(Assigned task) Set down the data again exactly. Pictures are not part of the copy.
(Information supplied)
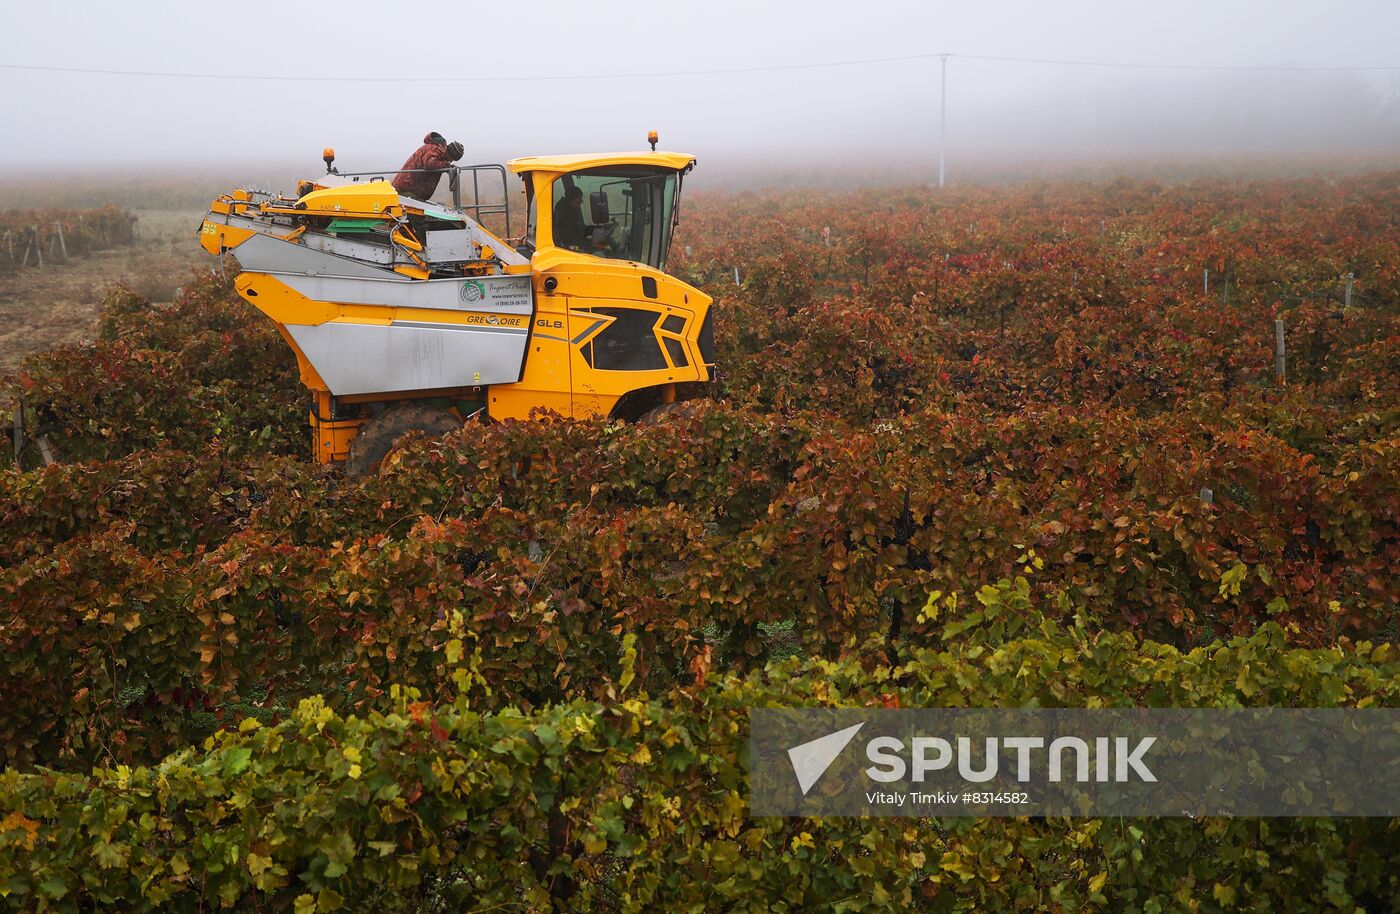 Russia Agriculture Grape Harvest
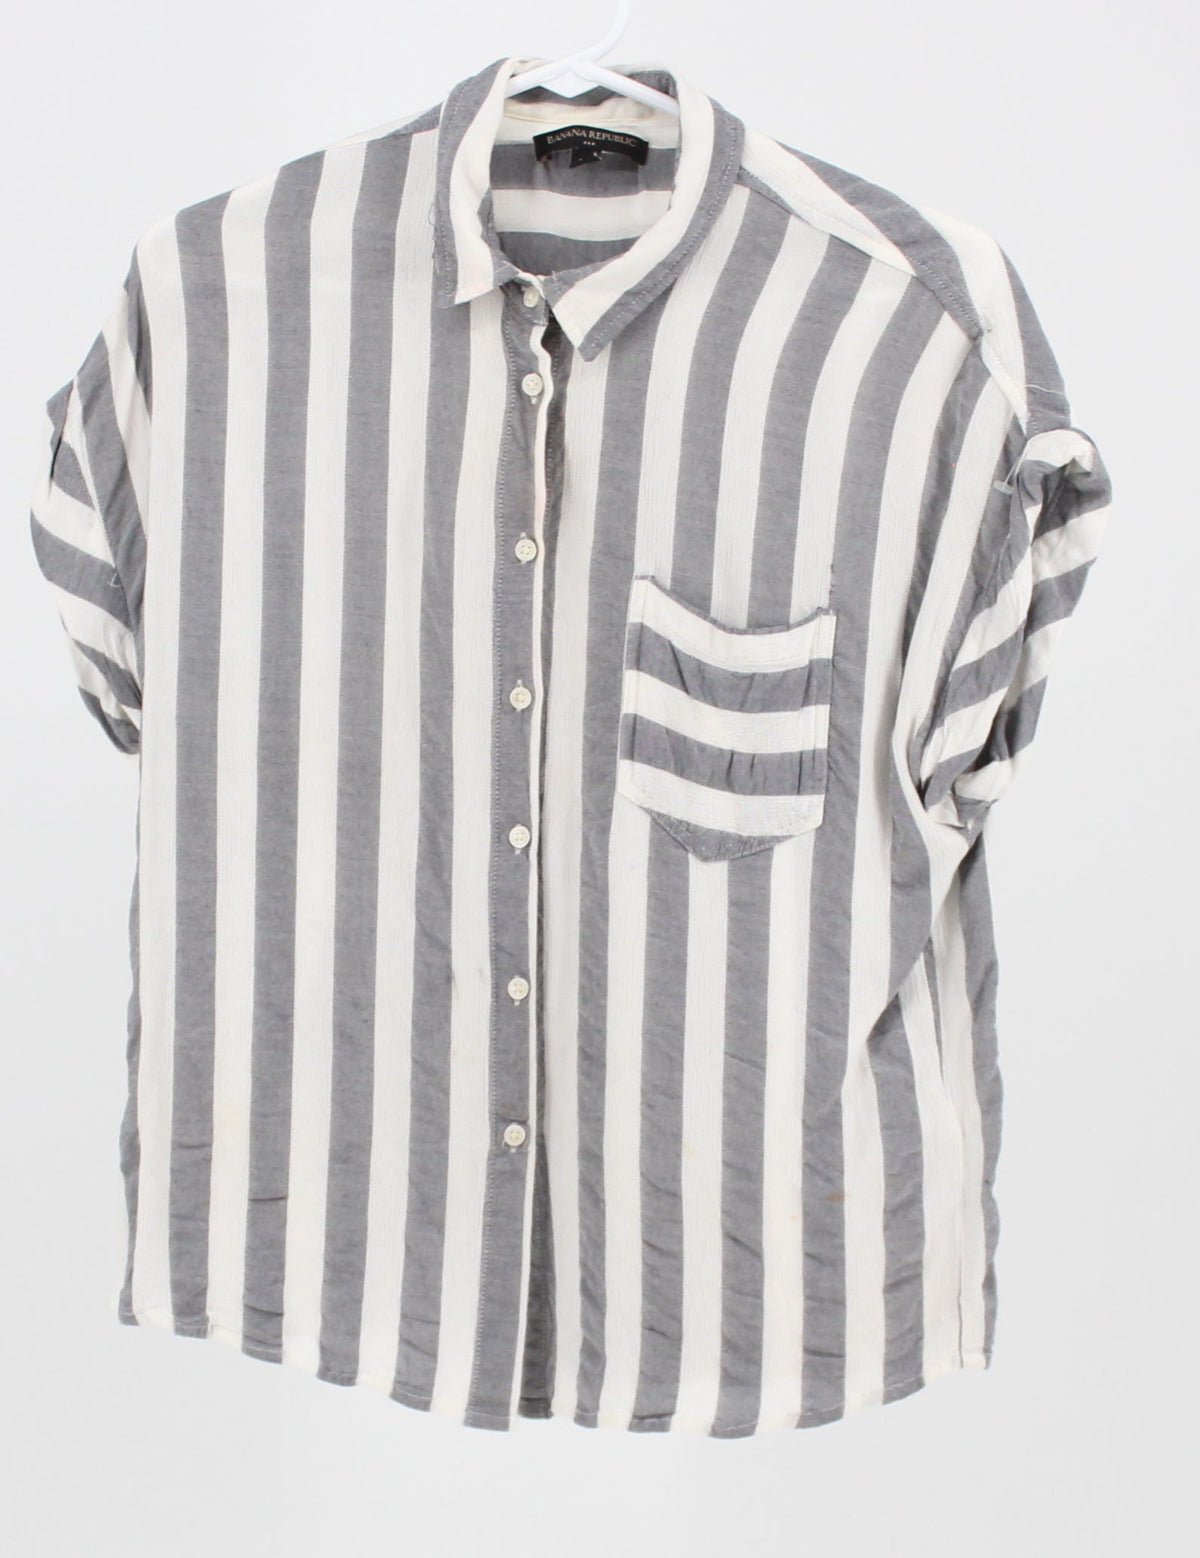 Banana Republic grey and white striped short sleeve button up with front pocket
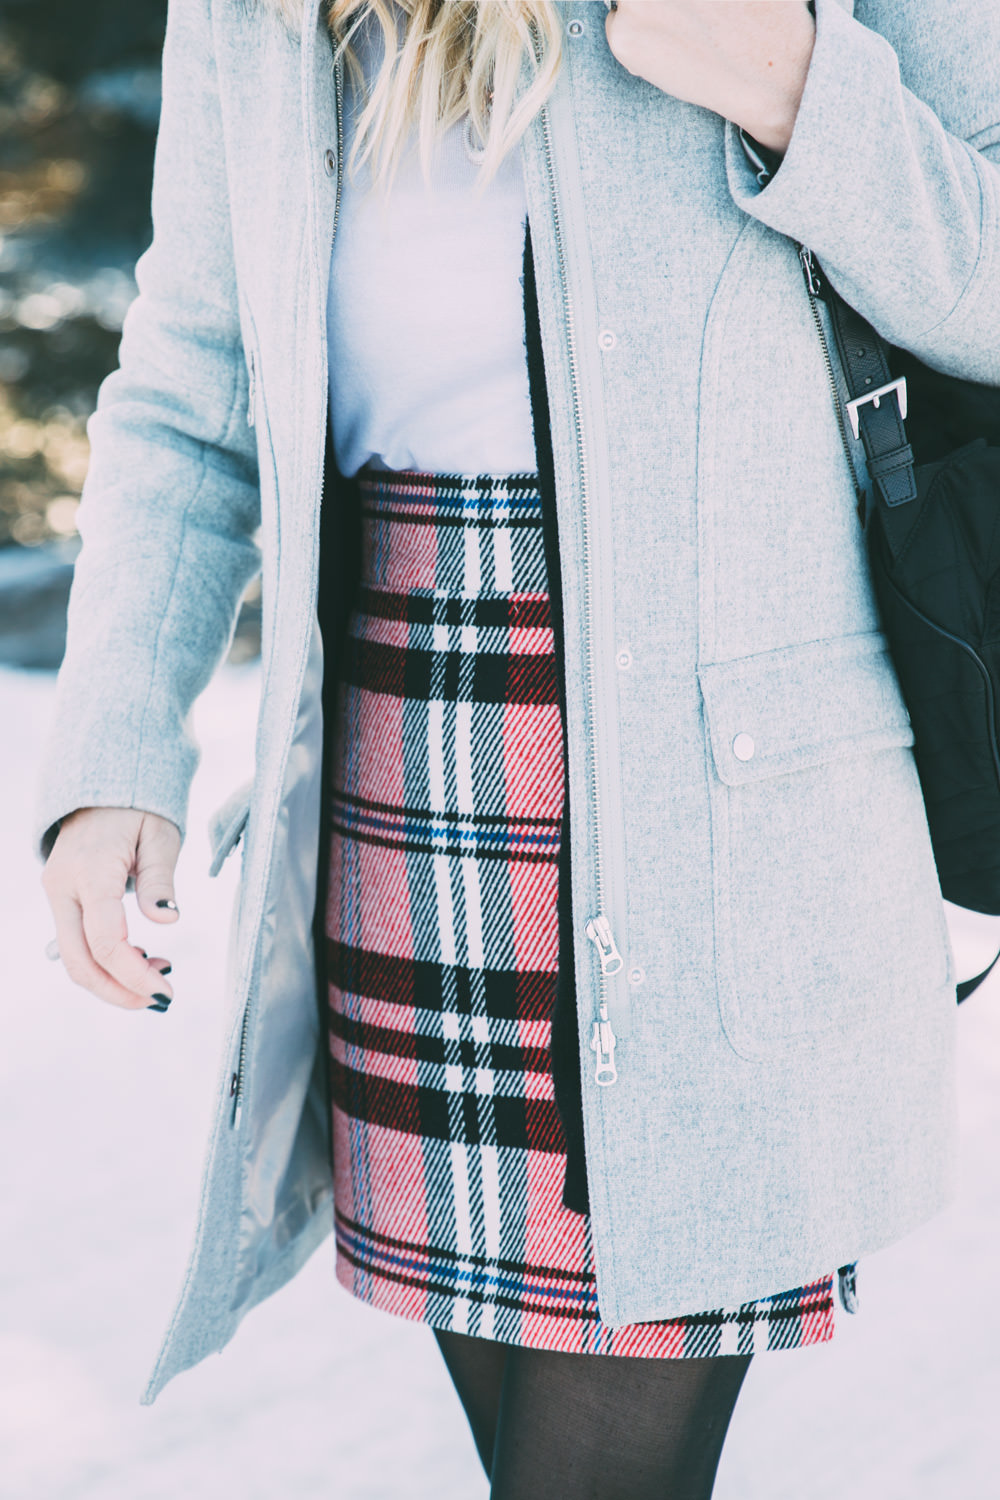 Caitlin Lindquist of the travel blog Dash of Darling shares a holiday winter outfit with Bronzallure in a Topshop plaid skirt, Club Monaco sweater and J.Crew fur hood coat.
(End Information supplied)
(Answer space)
 Russia Agriculture Grape Harvest
 Banana Republic grey and white striped short sleeve button up with front pocket
 Caitlin Lindquist of the travel blog Dash of Darling shares a holiday winter outfit with Bronzallure in a Topshop plaid skirt, Club Monaco sweater and J.Crew fur hood coat.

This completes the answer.